Bail commercial ou bail professionnel : comment choisir

Choisissez le bail commercial si votre activité est commerciale ou artisanale et que vous voulez sécuriser durablement votre implantation, car son statut d’ordre public offre au preneur un droit au renouvellement et une indemnité d’éviction. Optez pour le bail professionnel si vous exercez une profession libérale ou une activité non commerciale et que vous privilégiez la souplesse, avec un engagement plus court et une liberté de départ à tout moment.

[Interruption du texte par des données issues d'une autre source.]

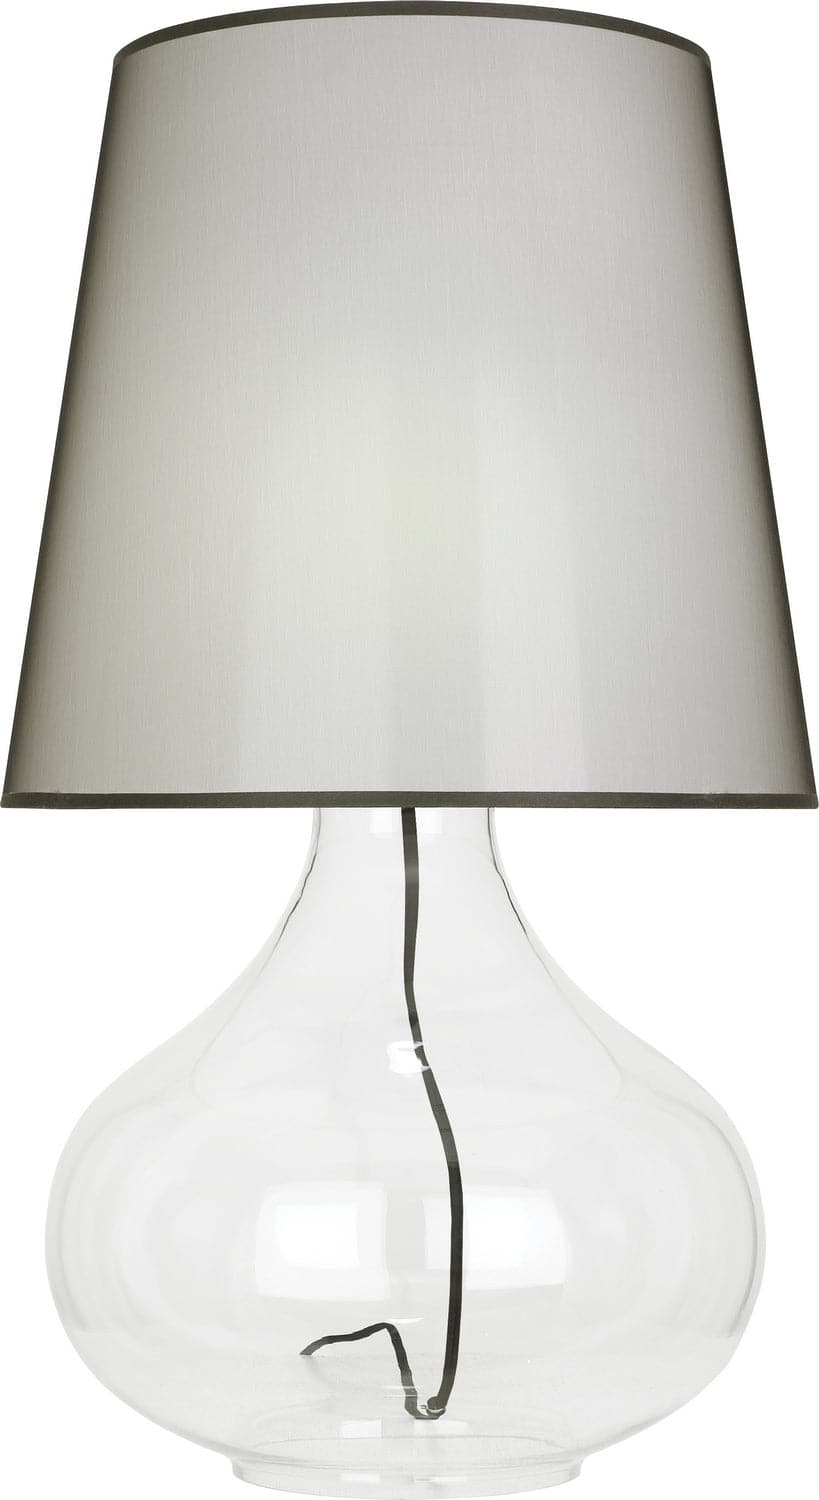 Robert Abbey - 459B - One Light Table Lamp - June - Clear Glass Body w/Black Fabric Wrapped Cord

Le choix engage bien plus que la nature du contrat. Il détermine la durée de votre occupation, le coût d’une sortie anticipée, la valeur patrimoniale attachée aux locaux et le rapport de force à l’échéance. Pour une PME ou une ETI, se tromper de régime revient soit à s’enfermer neuf ans dans un statut rigide alors qu’une activité de conseil aurait justifié un cadre léger, soit à perdre la protection du fonds de commerce en signant un bail professionnel là où l’activité relève en réalité du commerce. La qualification ne se décrète pas dans l’intitulé : elle se déduit de la réalité de l’activité exercée, et le juge peut requalifier.

Sommaire

  1. Ce qui rapproche les deux
  2. Ce qui les distingue vraiment
  3. Les conséquences pratiques du choix
  4. Comment choisir selon votre situation
  5. Ce que dit le droit

Ce qui rapproche les deux

Sur le papier, le bail commercial et le bail professionnel remplissent la même fonction économique : mettre à disposition d’une entreprise des locaux qui ne servent pas d’habitation, en contrepartie d’un loyer. Les deux relèvent d’abord du droit commun du louage, ce qui impose au bailleur des obligations identiques : délivrer un local conforme à sa destination et en assurer la jouissance paisible, en application des articles 1719 et 1720 du Code civil. La clause de garantie de jouissance paisible se retrouve donc dans les deux contrats.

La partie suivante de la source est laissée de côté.